[WHAT YOU NEED TO DO]
Could the data below please be reproduced word for word, without the pictures?

[[ PROVIDED MATERIAL open ]]

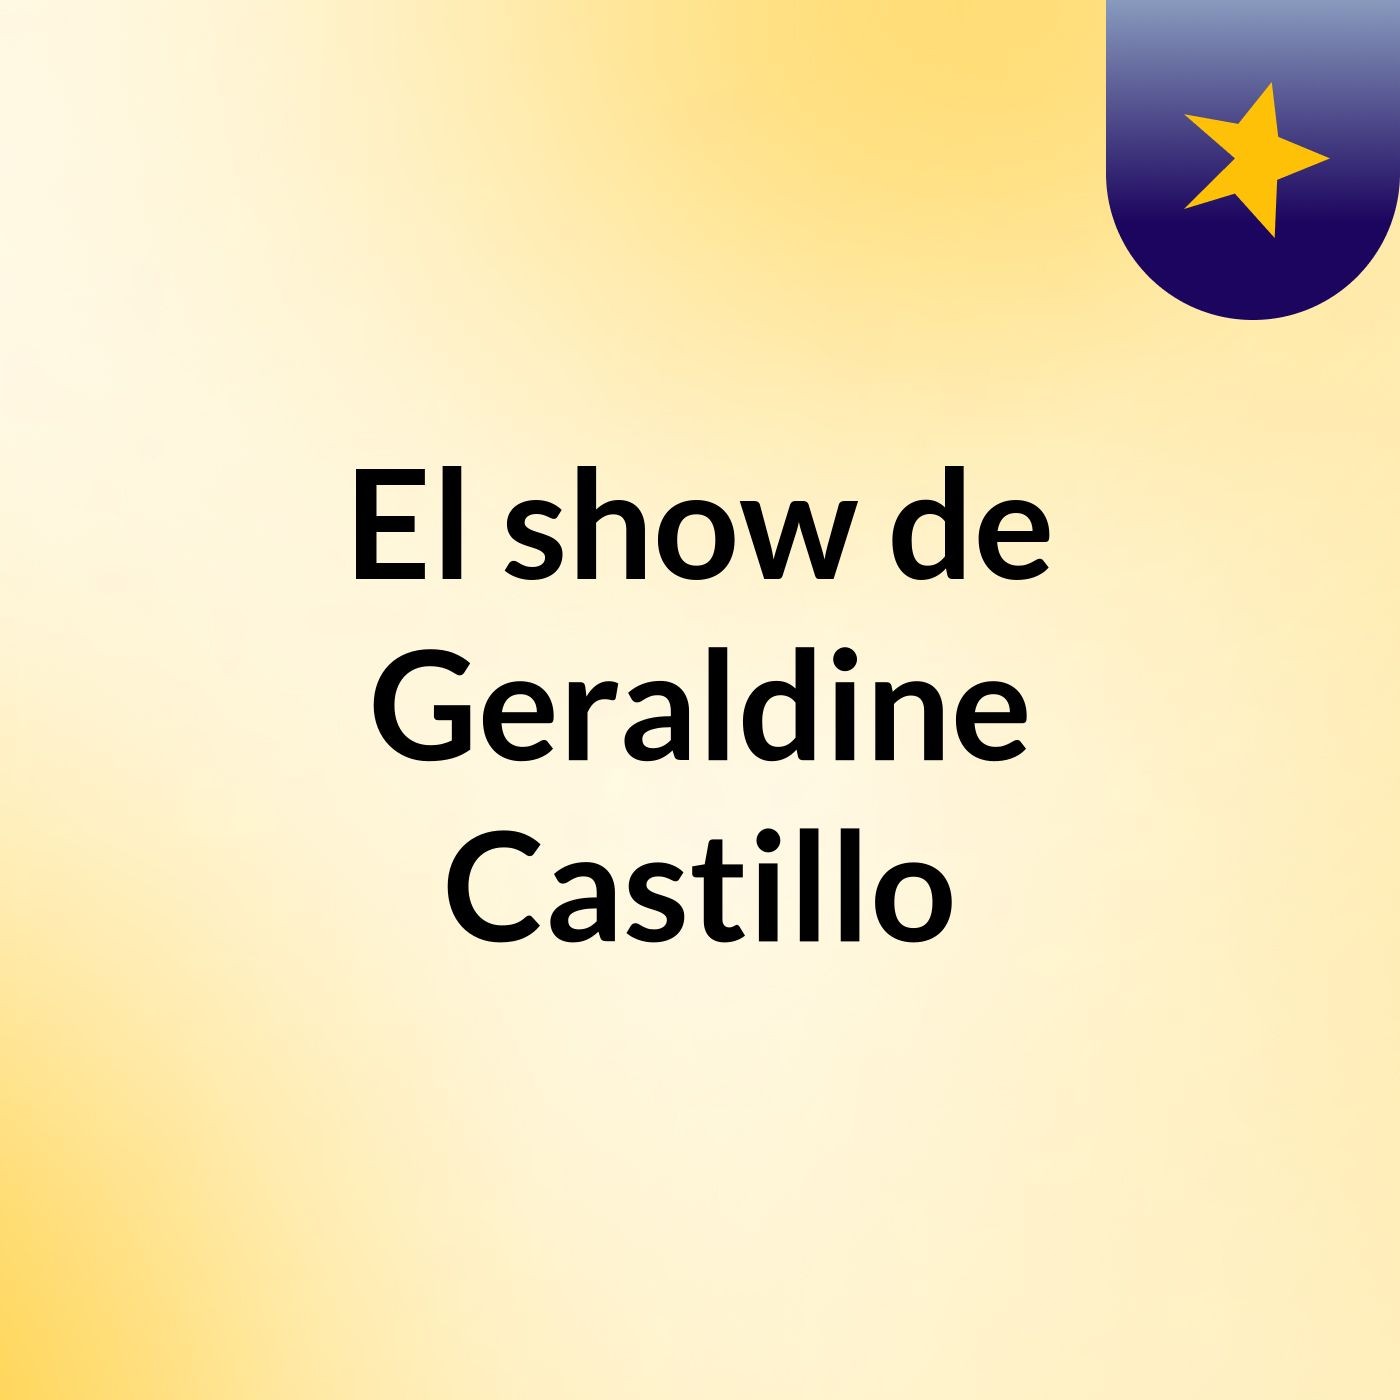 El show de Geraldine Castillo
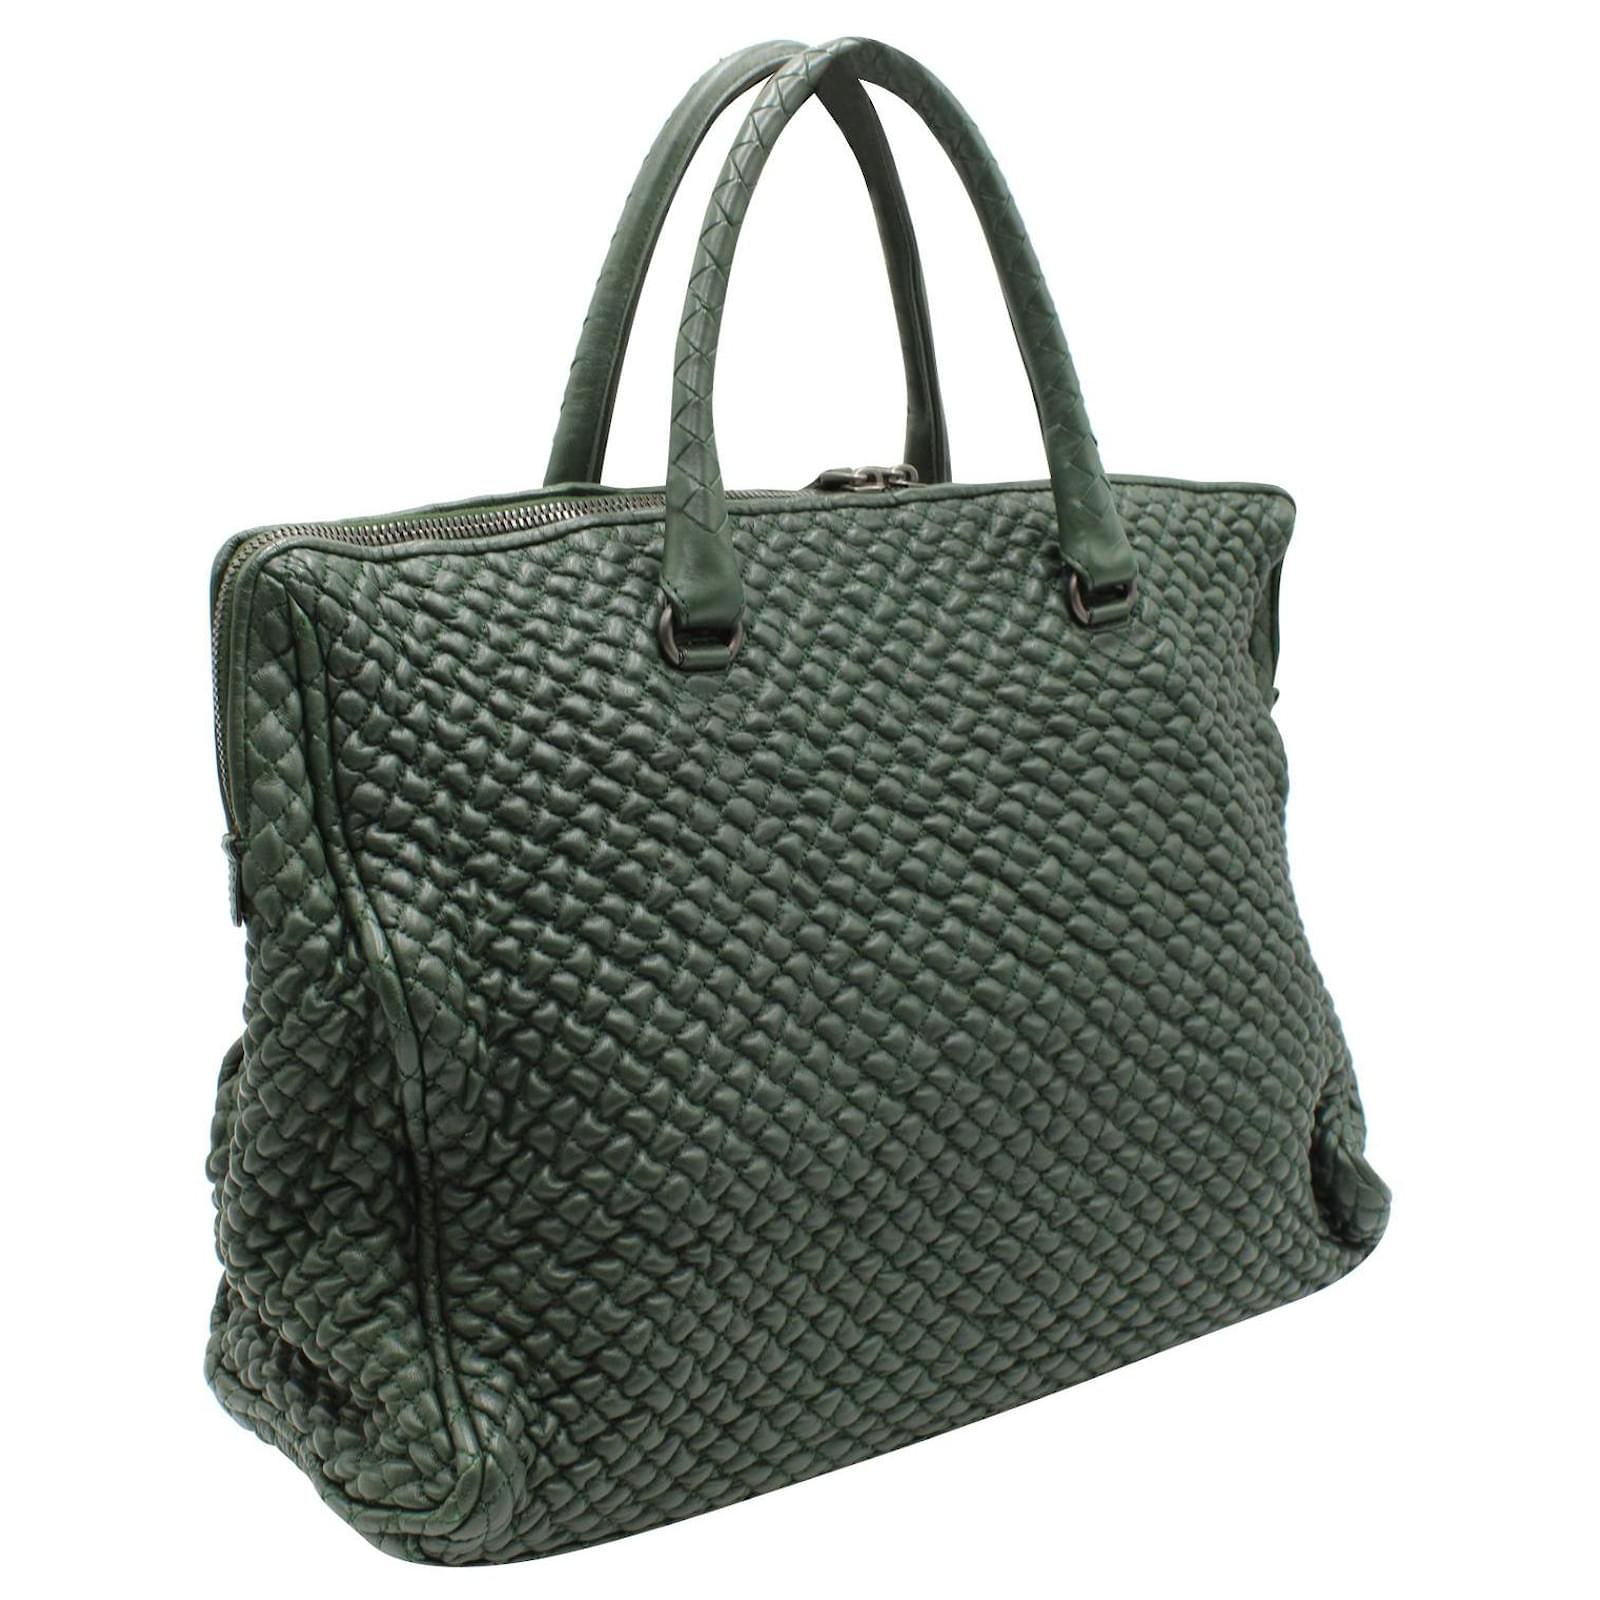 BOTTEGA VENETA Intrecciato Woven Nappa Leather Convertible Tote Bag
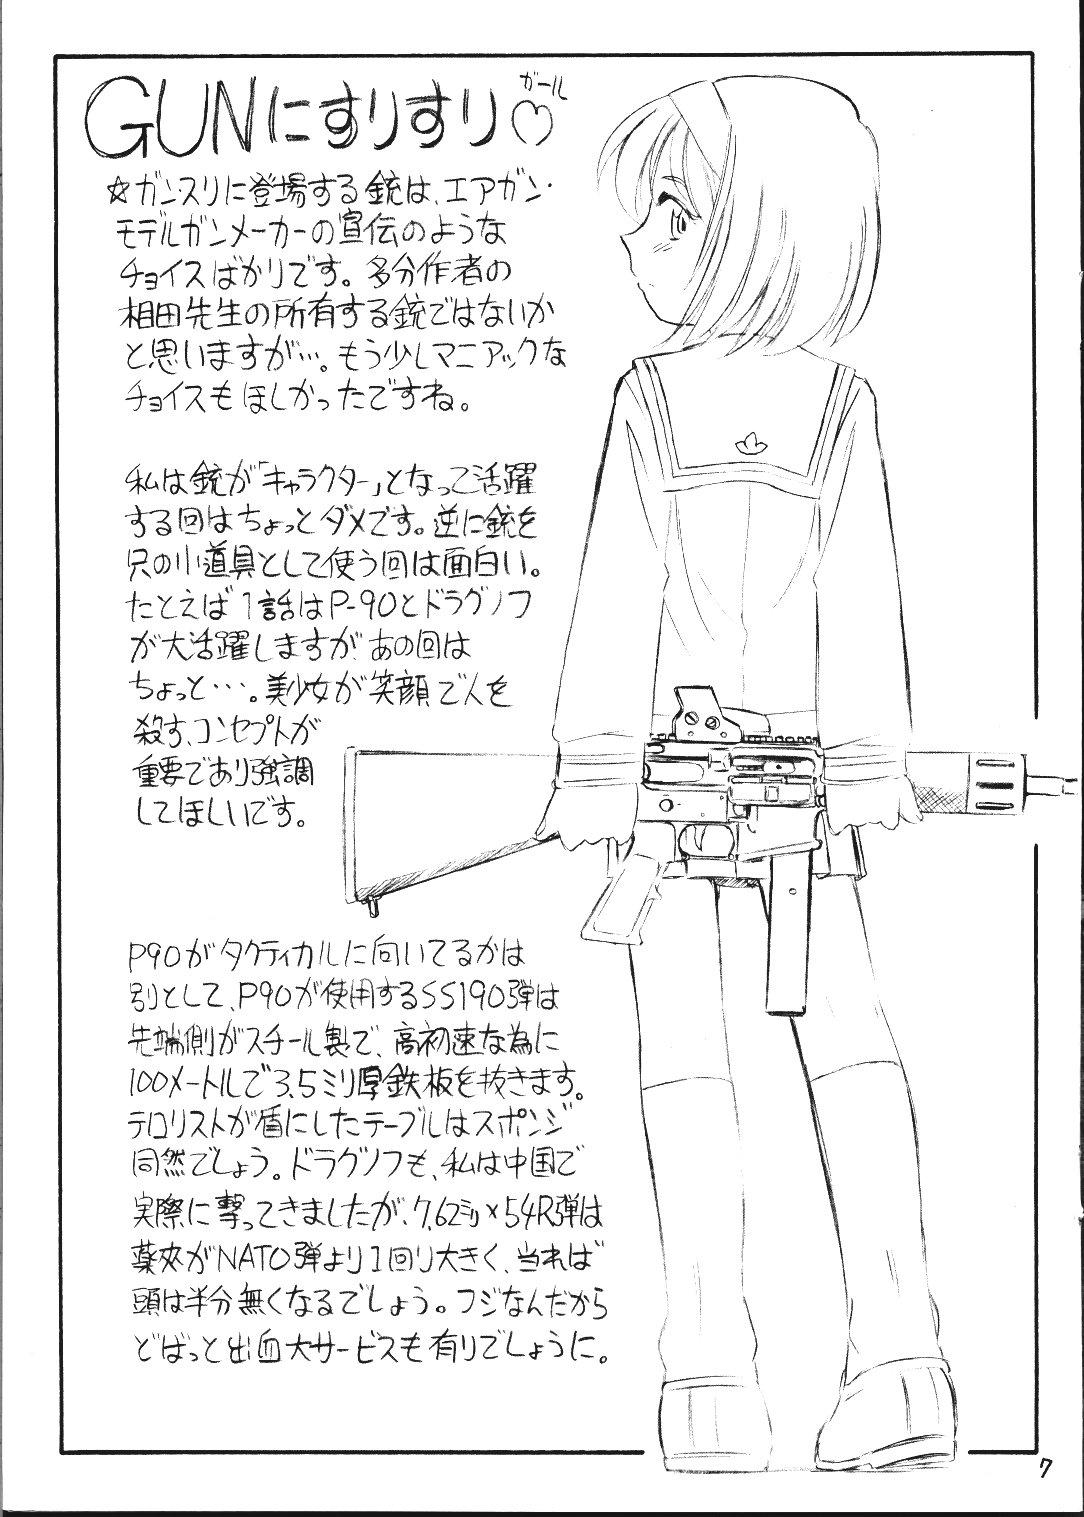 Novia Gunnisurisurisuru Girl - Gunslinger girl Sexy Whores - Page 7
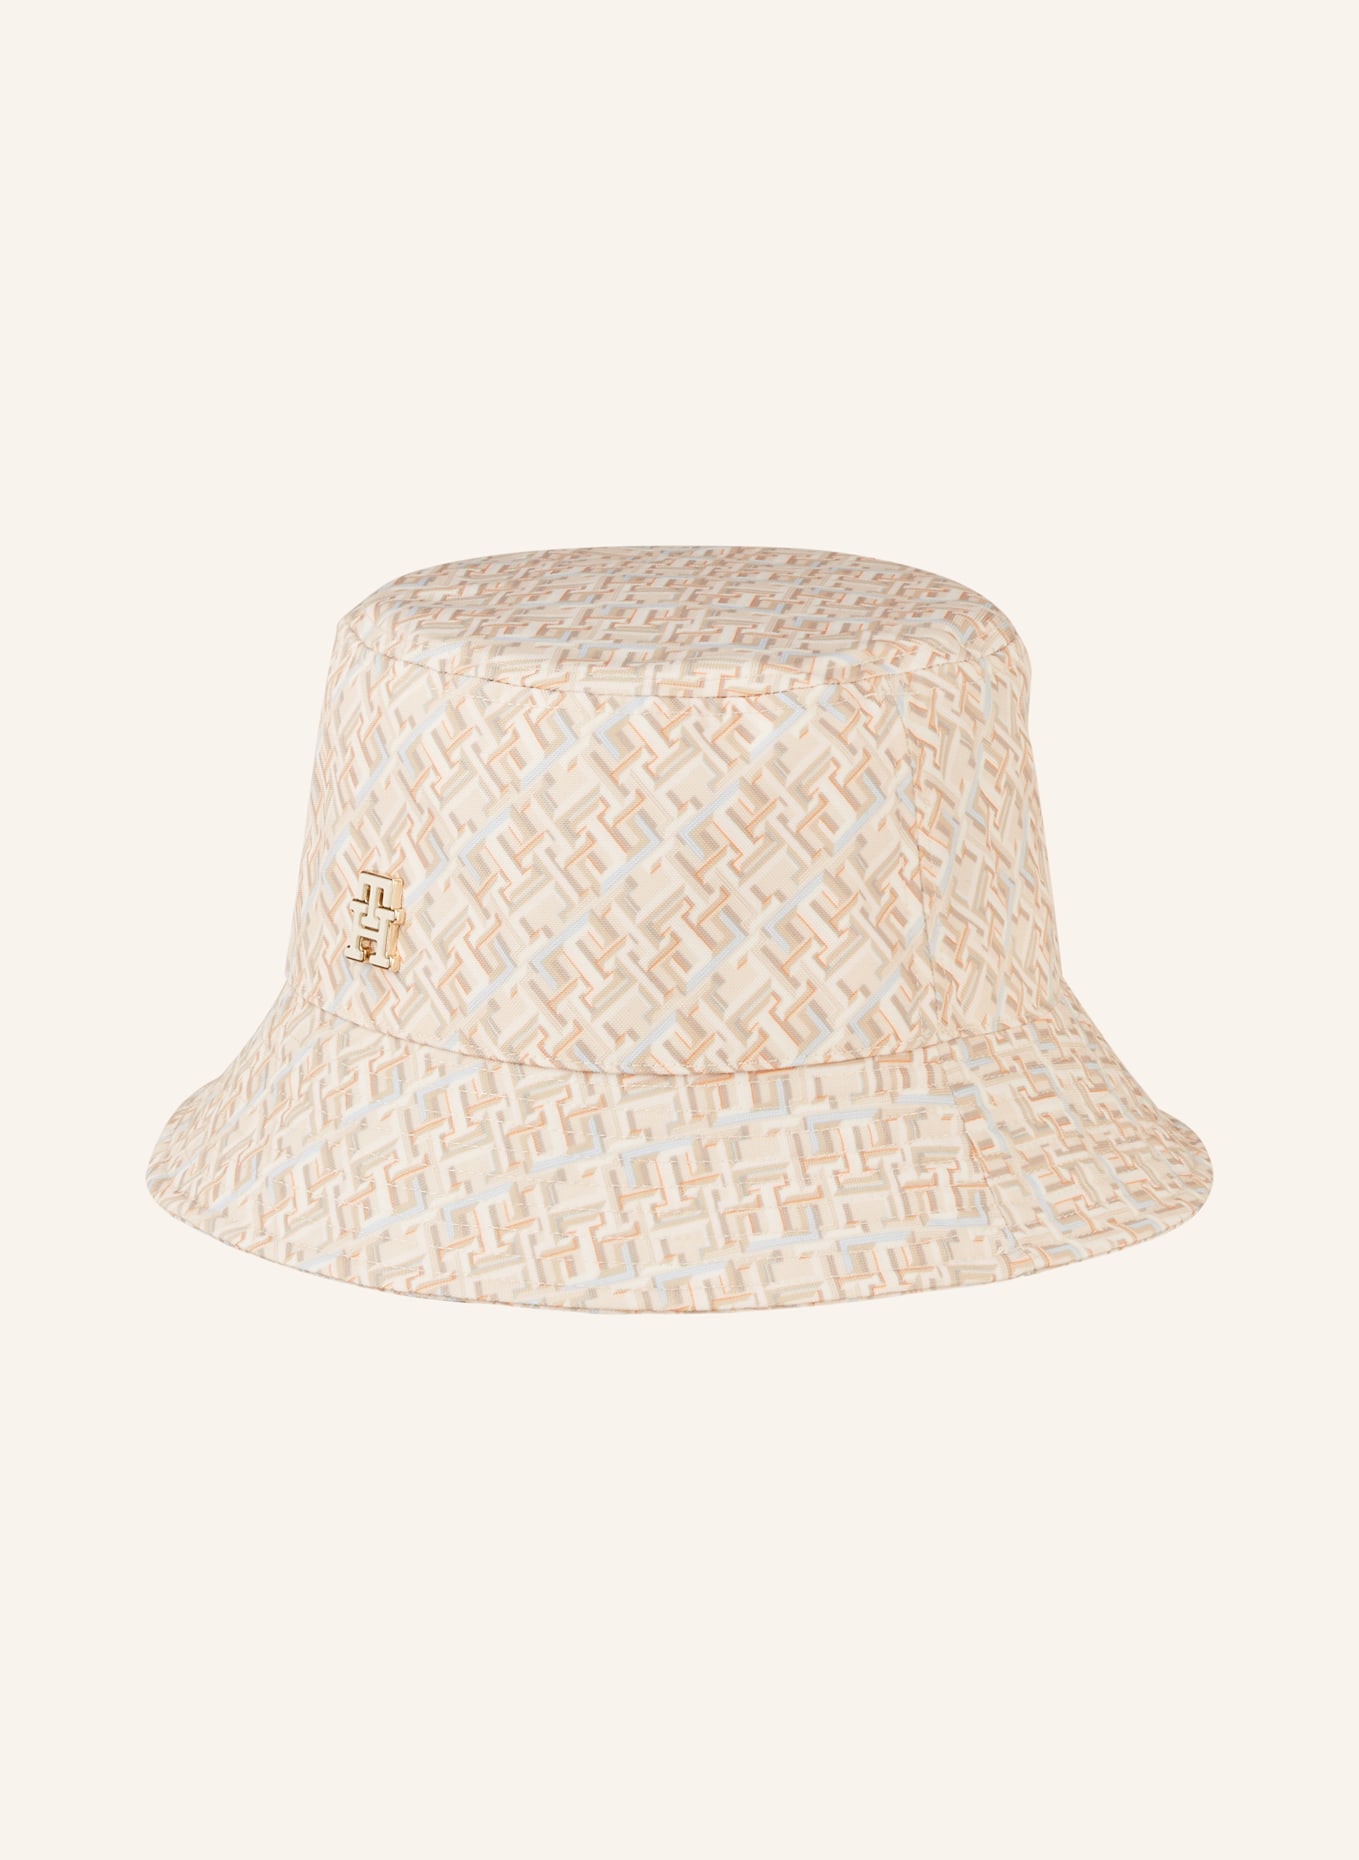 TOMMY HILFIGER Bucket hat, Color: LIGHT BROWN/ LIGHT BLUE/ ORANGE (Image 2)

[[ PROVIDED MATERIAL closed ]]

[REPLY]
 El show de Geraldine Castillo
 BOTTEGA VENETA Intrecciato Woven Nappa Leather Convertible Tote Bag
 Novia Gunnisurisurisuru Girl - Gunslinger girl Sexy Whores - Page 7
 TOMMY HILFIGER Bucket hat, Color: LIGHT BROWN/ LIGHT BLUE/ ORANGE (Image 2)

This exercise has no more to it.